No hacía mucho rato que estaba allí, cuando llegó
hasta él un suave y grato olorcillo a pollo asado y otros
manjares apetitosos. Hasta allí se percibía el ruido de
conversaciones alegres y, al poco rato, incluso se oyeron
las melodiosas notas de un concierto musical, muy bien
interpretado.
Todo esto y el gorjeo de los muchos ruiseñores que
poblaban los árboles de la plaza y el sonido pausado y
sonoro de los surtidores, hizo pensar al buen Himbad que
en aquella casa debía vivir algún príncipe, o magnate, de
la ciudad y que en aquellos momentos se estaba celebrando un banquete.

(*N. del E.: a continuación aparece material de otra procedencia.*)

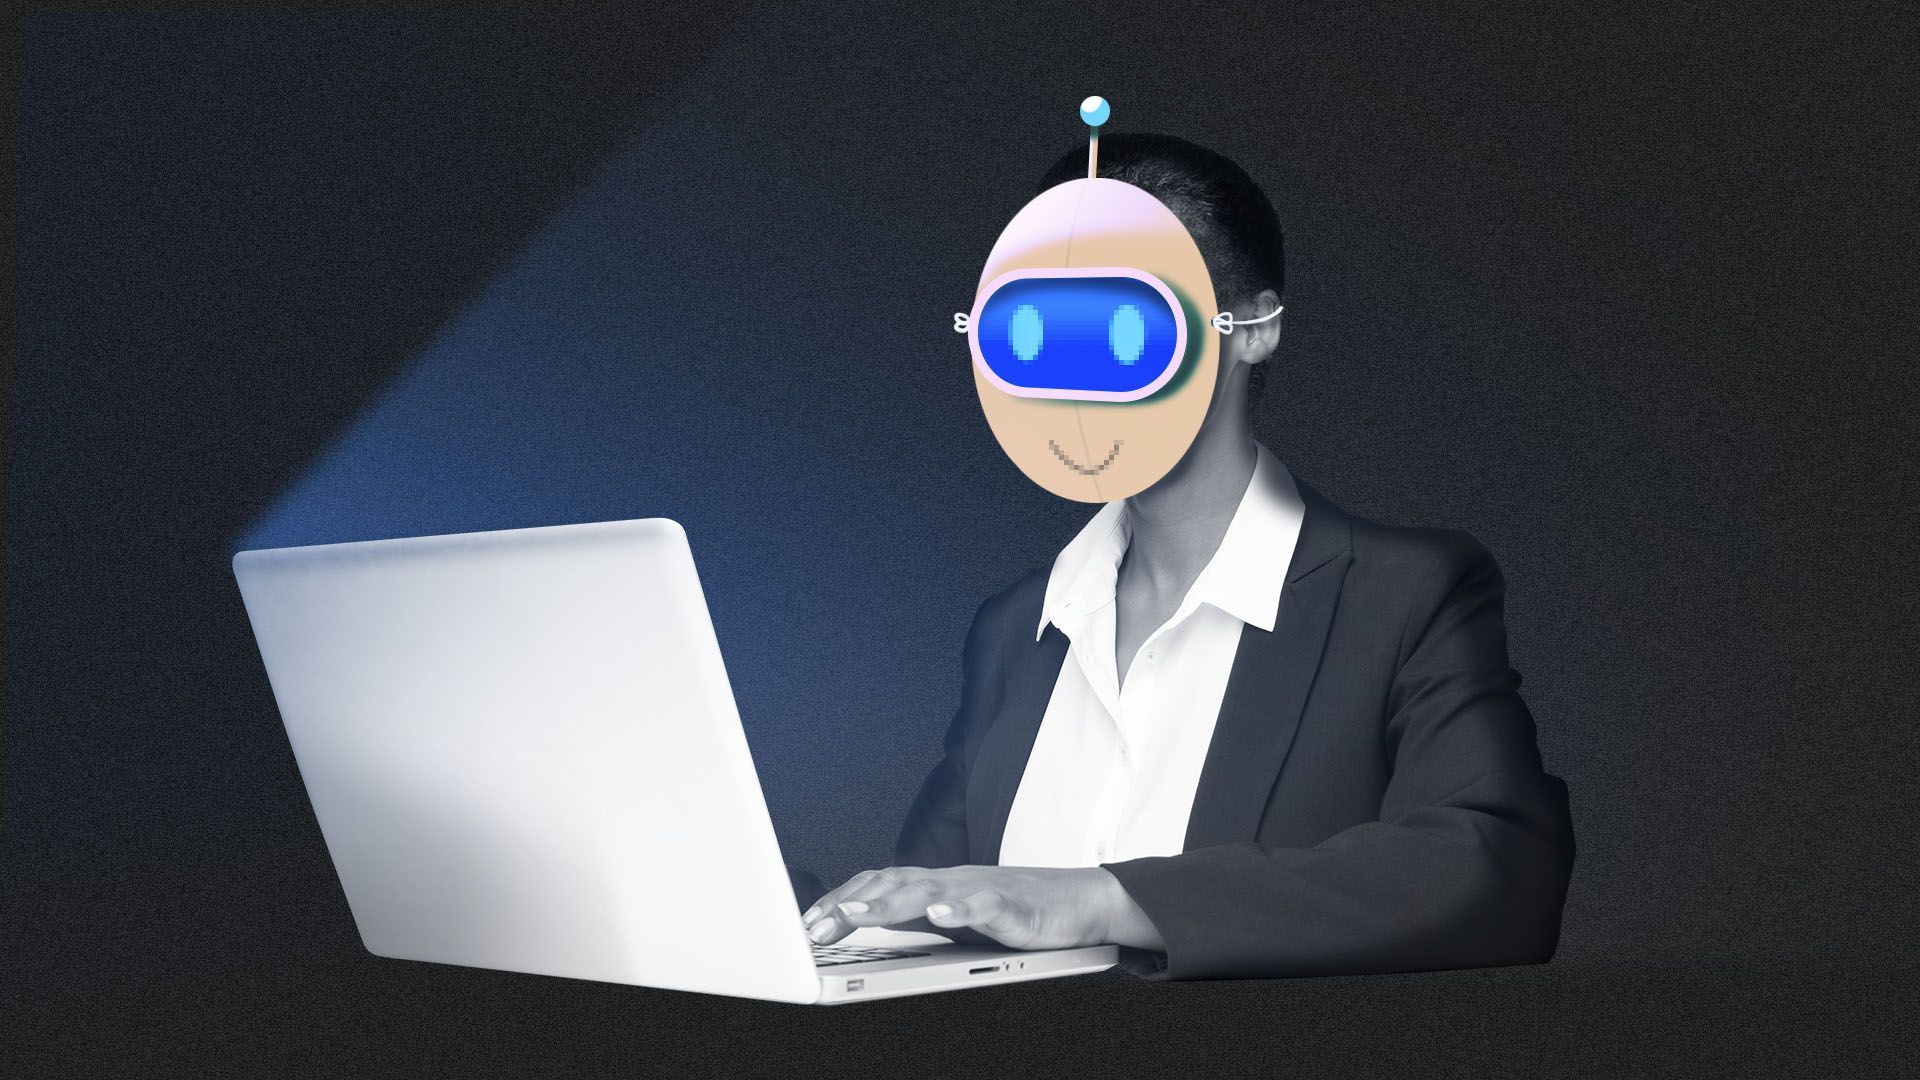 Illustration of a woman working at a computer, with a robot mask over her face

Cada vez más ansioso e intrigado empezó a observar
a los criados que cruzaban por el patio de entrada. Por
fin, no pudiendo resistir la curiosidad, se acercó a uno,
ricamente vestido, y le preguntó:
—¿Podrías decirme, amigo mío, de quién es esta morada
y qué fiesta se celebra en ella?
—¿Sois forastero? —preguntó el criado.
—No, por cierto, que hace años que vivo en Bagdad.
—¿Es posible que viviendo en Bagdad, no sepáis que
esta casa pertenece a mi señor, Simbad, llamado por sobrenombre El Marino, por los muchos viajes que ha hecho
embarcado por todas las aguas que alumbra la luz del sol?
—Es la primera vez que oigo el nombre de vuestro señor, que Alah guarde. Y en verdad que preferiría no haber
llegado a oírlo nunca.
—¿Por qué razón os disgusta conocerlo?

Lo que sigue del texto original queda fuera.